Friday, February 6, 2009

Using the Quality Management Plan to Manage Customer Satisfaction

Managing customer satisfaction is a very difficult-to-measure component of the triple constraint. Cost, Time, Scope, Quality & Risk are more quantifiable constraints. They can be reported and, most of the time, how they will be managed is contained in the project management plan documents. Since customer satisfaction cannot be measured or quantified, how is it possible to control it & manage it?

The Goals of the Project
The goals of the project are contained in the Project Charter & the Contract and they are further refined in the scope statement and WBS. These are goals that should never be abandoned at any stage of the project. After all, these goals are the reasons for existence of the project. Running after customer satisfaction can sometimes derail the project, so the Project Manager should never lose sight of the project goals in favor of customer satisfaction.

Quality equals customer satisfaction
All the requirements of the customer for the project (whether the end result of the Poject is a product or a service) should be documented in the Quality Management Plan and should be confirmed to comply with the contract and scope statement (no Gold-Plating).

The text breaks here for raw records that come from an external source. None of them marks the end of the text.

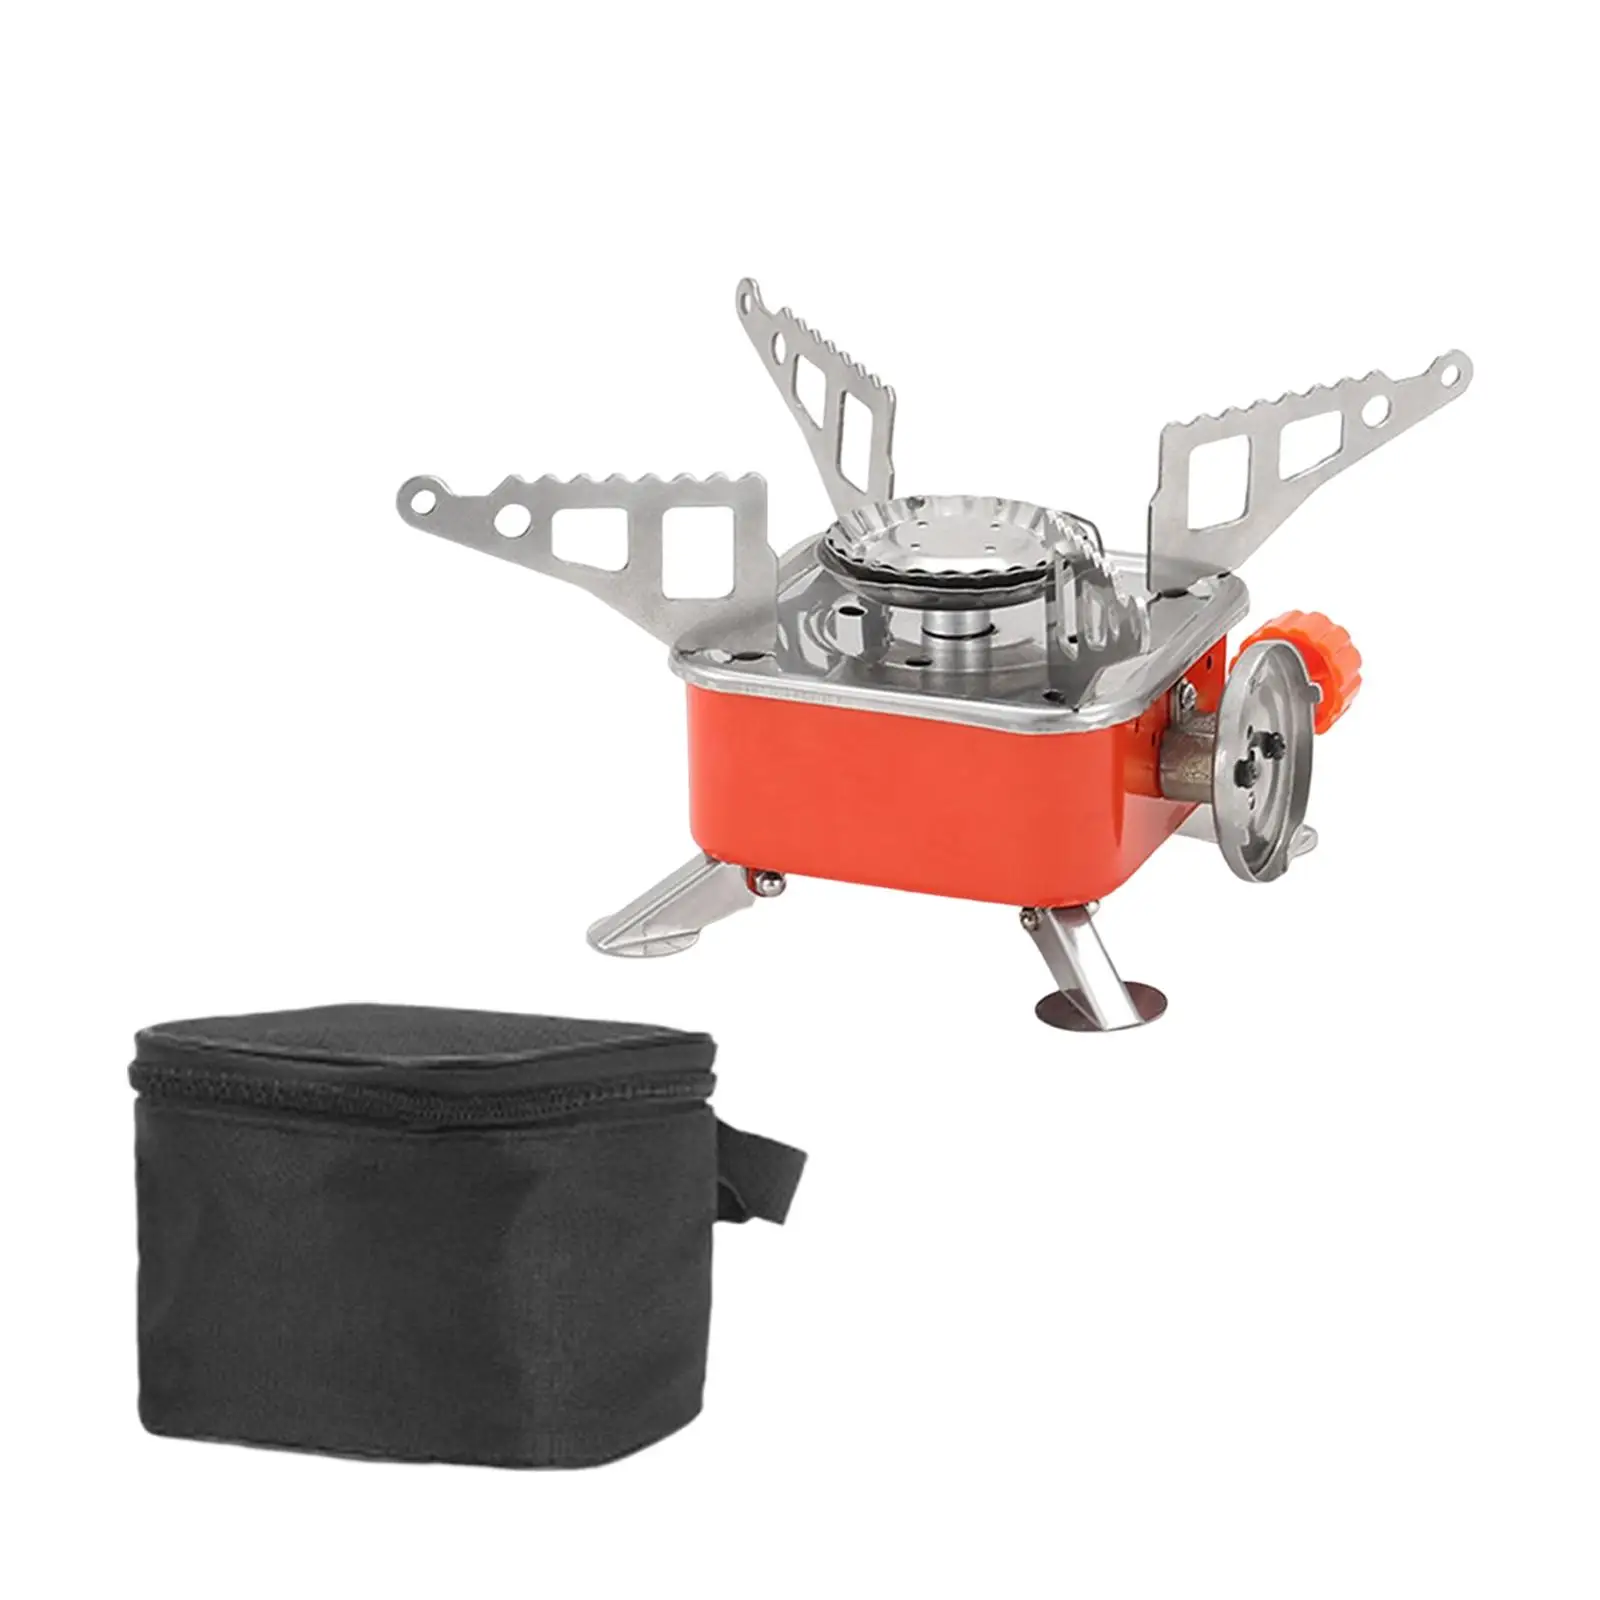 Camping Gas Stove with Storage Case Camp Stove Cooker Gear for Fishing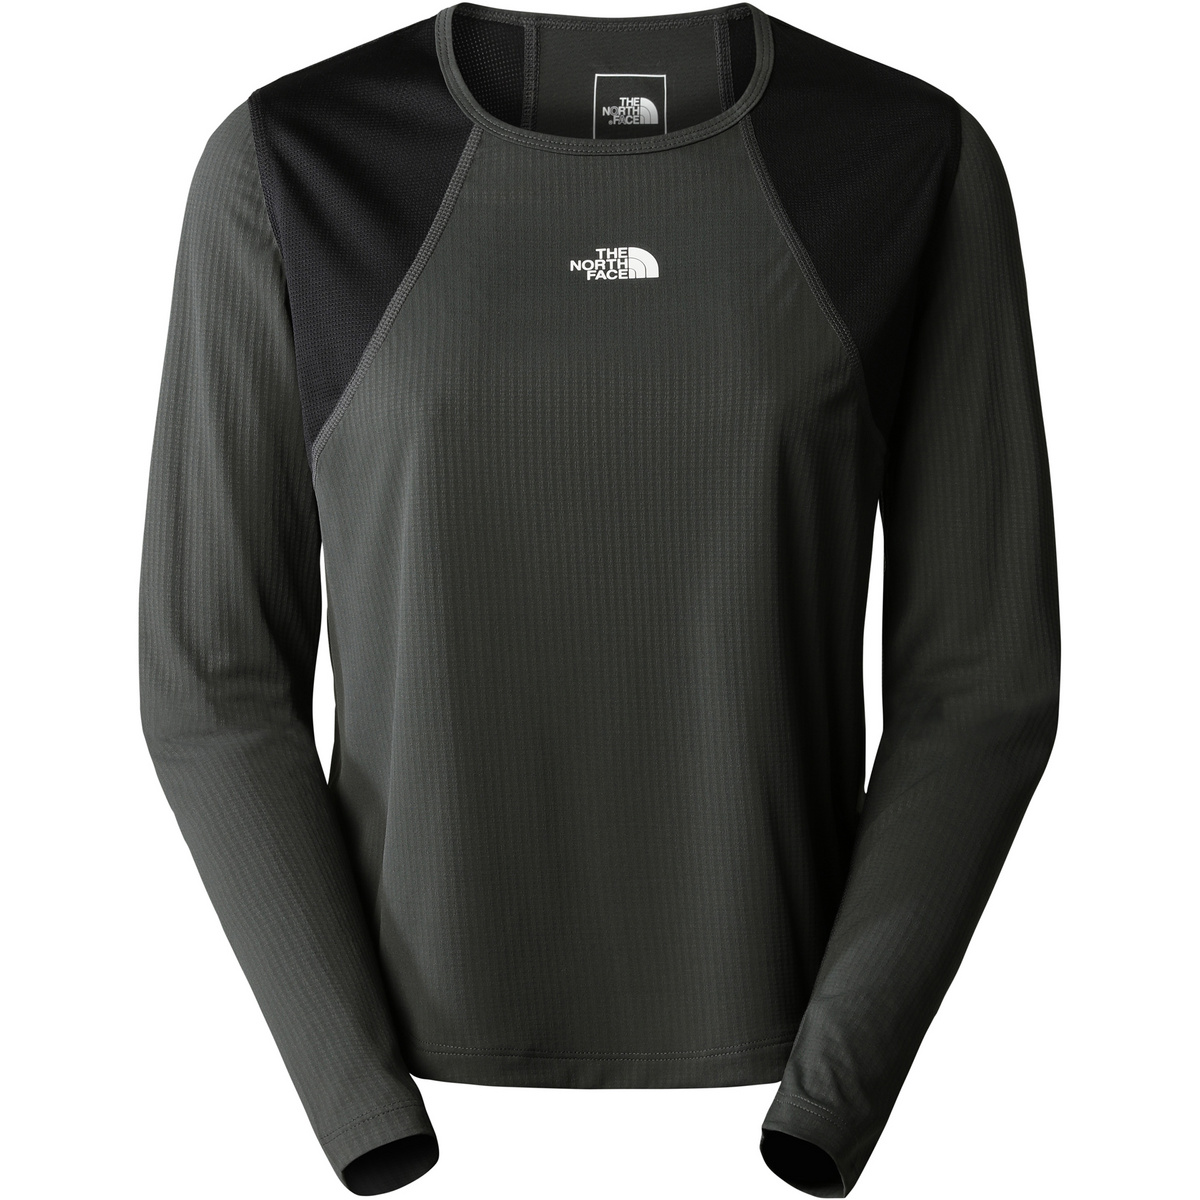 The North Face Damen Lightbright Longsleeve von The North Face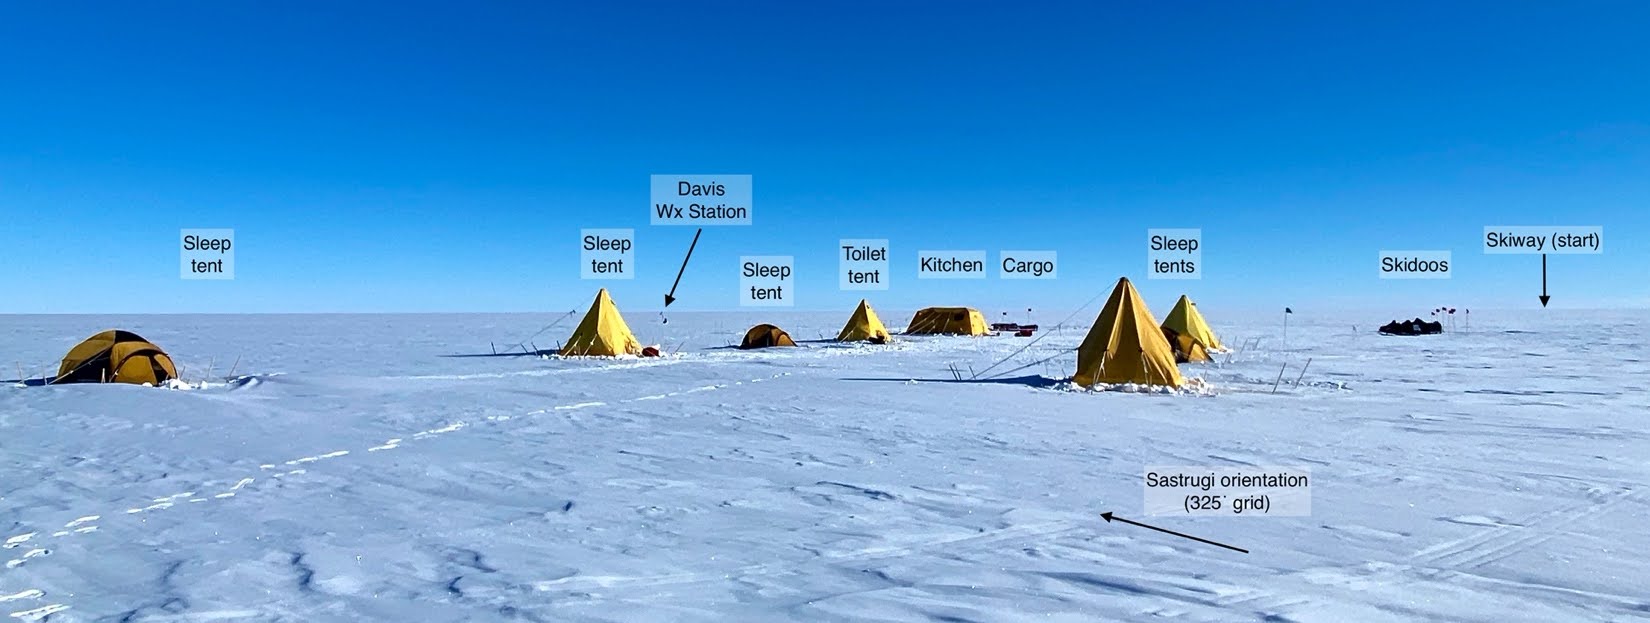 TIME1 Camp layout, after all six team members arrived. Photo by Mike Roberts.

Using this process, customer satisfaction becomes a quantifiable constraint that can be managed through the quality management plan, measured using quality assurance processes & improved through processes of quality control.

In conclusion, it is the responsibility of the project manager to translate customer requirements into quantifiable & attainable goals and the quality management plan can be used to help quantify & manage customer satisfaction.